*** Opening DATASET EXCERPT ***
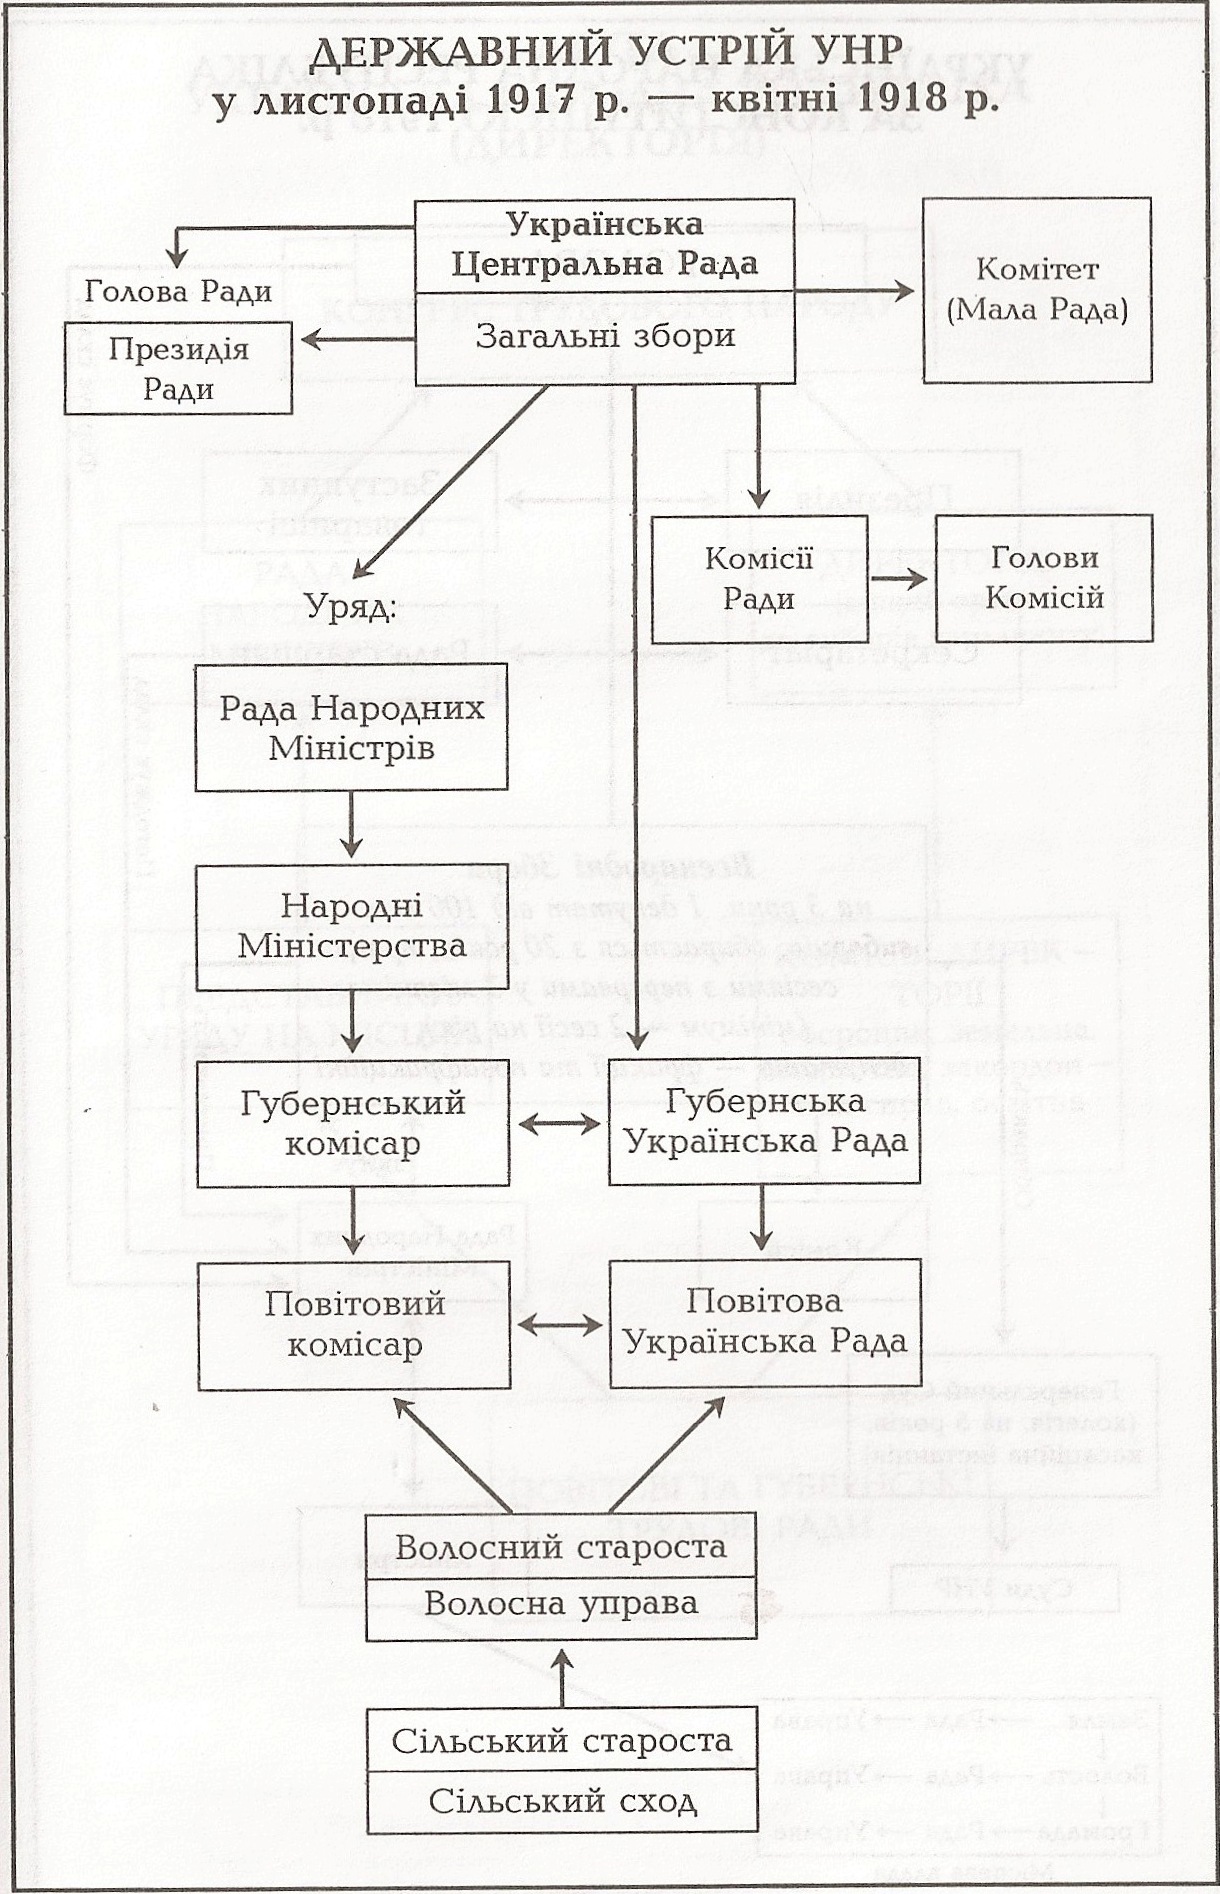 Таблица: Государственное устройство УНР в ноябре 1917 г. - апреле 1918 г.
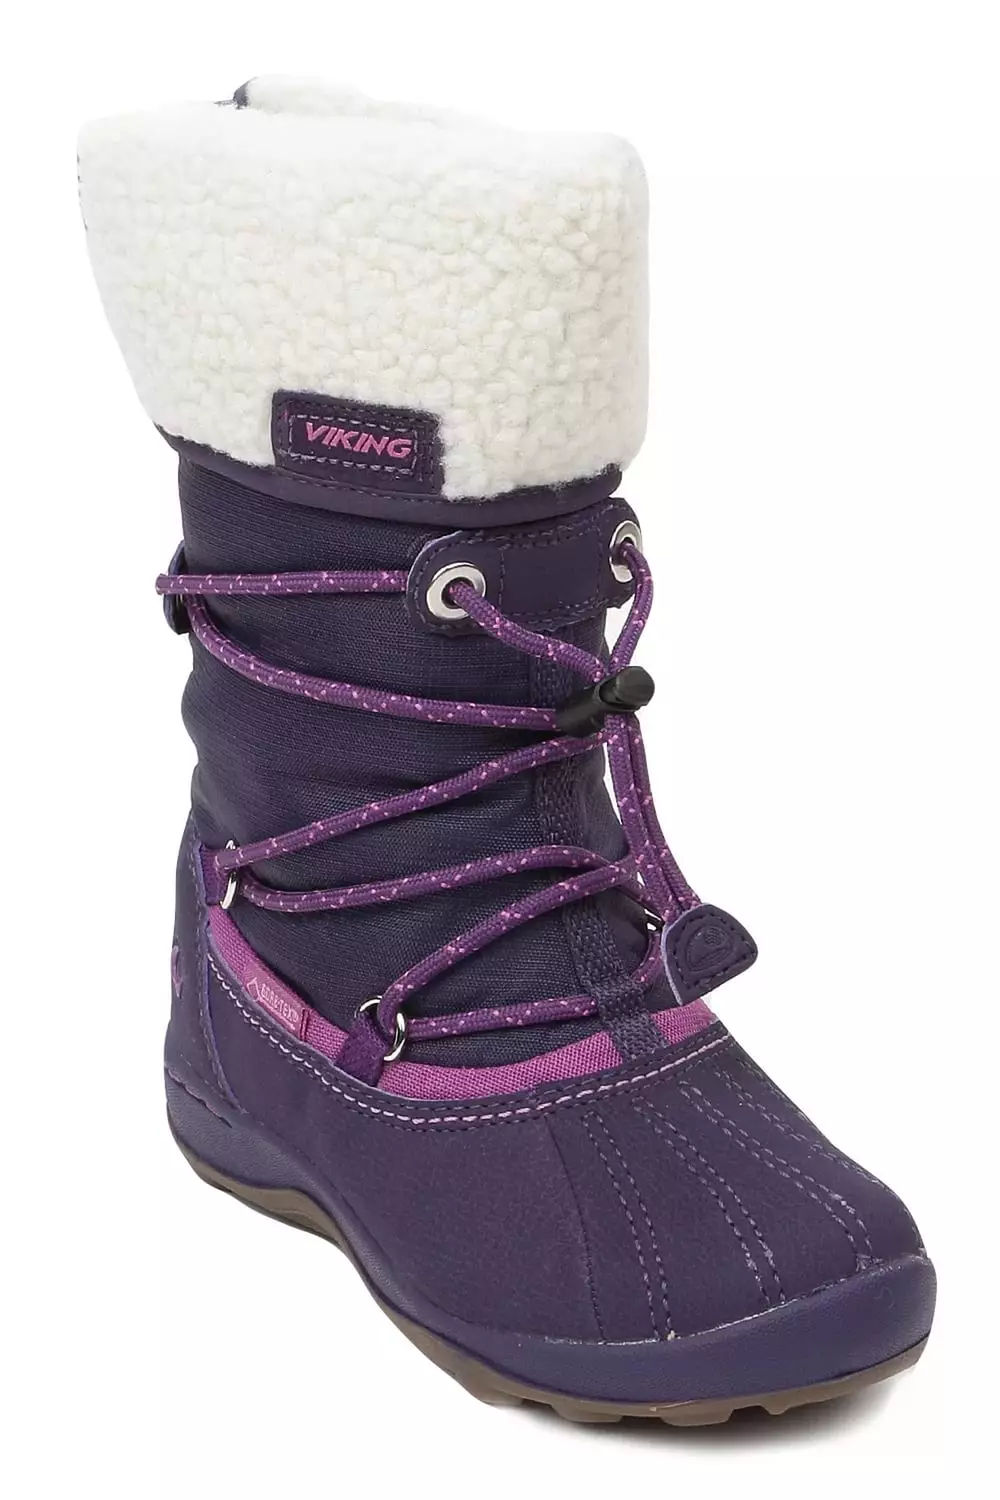 Wikigi Boots (73 사진) : 겨울 어린이 및 여성 폴리 우레탄 모델, 차원 메쉬 및 바이킹 리뷰 2258_5
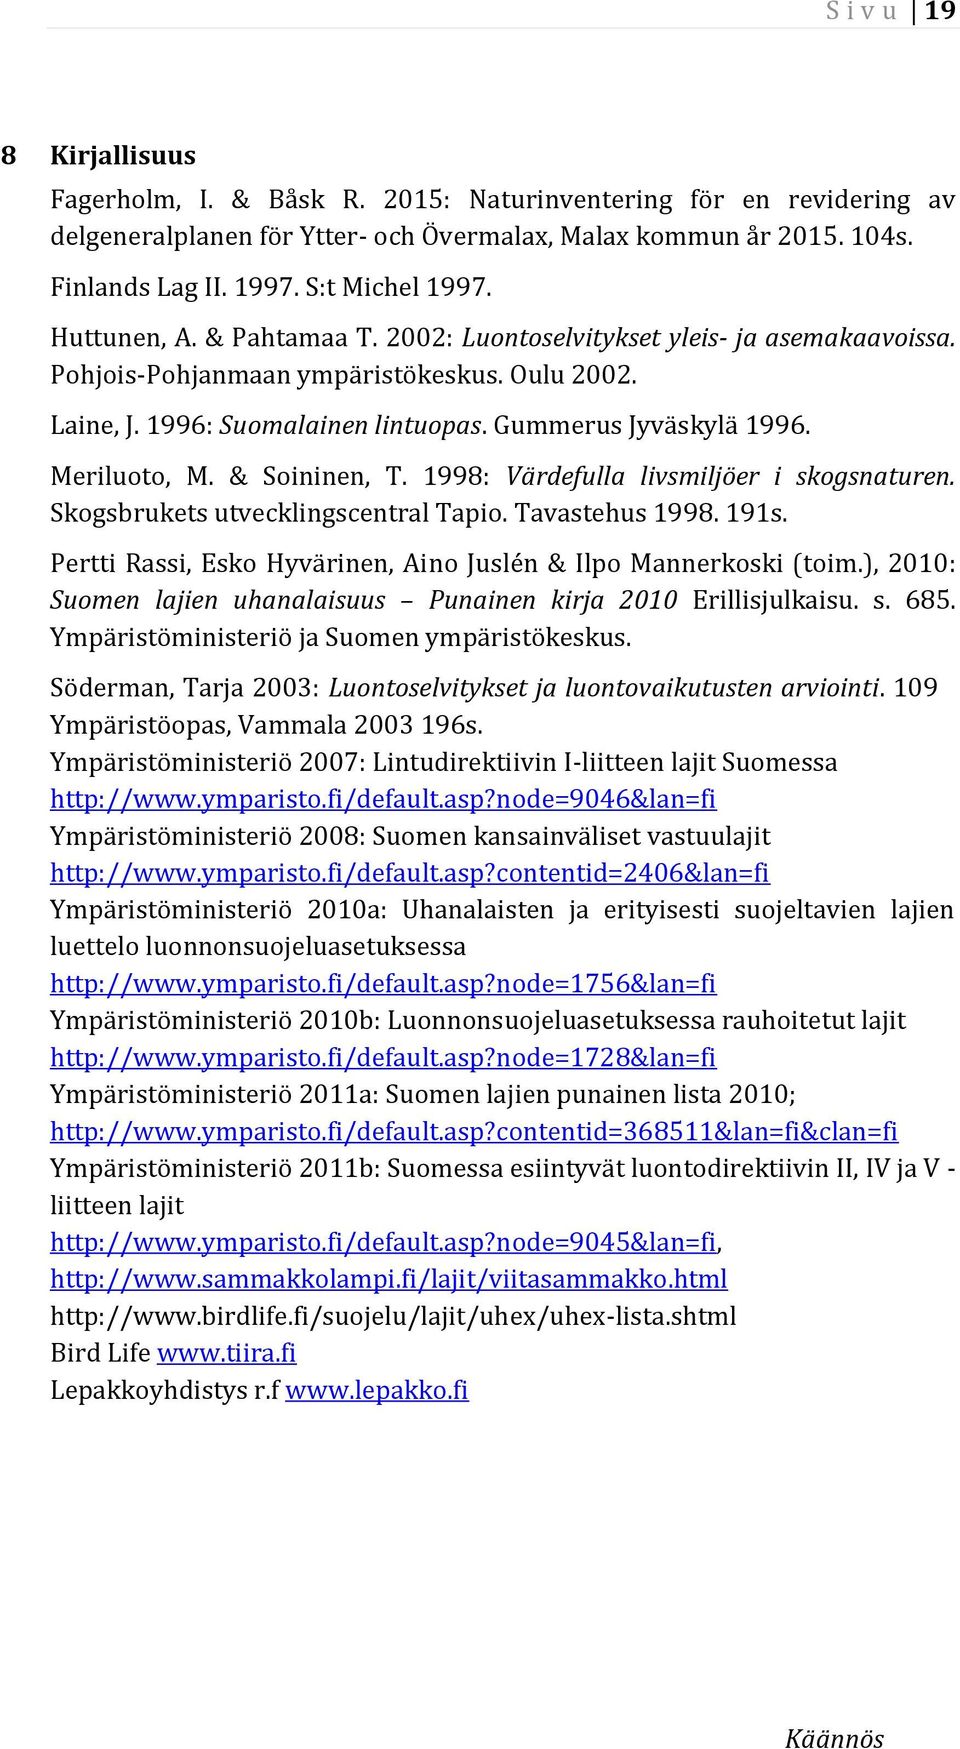 Gummerus Jyväskylä 1996. Meriluoto, M. & Soininen, T. 1998: Värdefulla livsmiljöer i skogsnaturen. Skogsbrukets utvecklingscentral Tapio. Tavastehus 1998. 191s.
*** Closing DATASET EXCERPT ***
[WHAT YOU NEED TO DO]:
Except for the pictures, return every line of the material exactly.

[TASK RESPONSE]:
 Таблица: Государственное устройство УНР в ноябре 1917 г. - апреле 1918 г.
 Wikigi Boots (73 사진) : 겨울 어린이 및 여성 폴리 우레탄 모델, 차원 메쉬 및 바이킹 리뷰 2258_5
 Gummerus Jyväskylä 1996. Meriluoto, M. & Soininen, T. 1998: Värdefulla livsmiljöer i skogsnaturen. Skogsbrukets utvecklingscentral Tapio. Tavastehus 1998. 191s.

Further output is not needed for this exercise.